> _Data to process_
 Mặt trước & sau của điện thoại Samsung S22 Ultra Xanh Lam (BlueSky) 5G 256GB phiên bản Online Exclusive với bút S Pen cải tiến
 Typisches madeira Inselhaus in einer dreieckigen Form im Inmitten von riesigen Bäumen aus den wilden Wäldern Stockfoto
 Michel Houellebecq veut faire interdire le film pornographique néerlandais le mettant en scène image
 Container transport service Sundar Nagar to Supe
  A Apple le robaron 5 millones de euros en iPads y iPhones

> _Work task_
Output an exact copy of the listing.

> _Task answer_
 Mặt trước & sau của điện thoại Samsung S22 Ultra Xanh Lam (BlueSky) 5G 256GB phiên bản Online Exclusive với bút S Pen cải tiến
 Typisches madeira Inselhaus in einer dreieckigen Form im Inmitten von riesigen Bäumen aus den wilden Wäldern Stockfoto
 Michel Houellebecq veut faire interdire le film pornographique néerlandais le mettant en scène image
 Container transport service Sundar Nagar to Supe
  A Apple le robaron 5 millones de euros en iPads y iPhones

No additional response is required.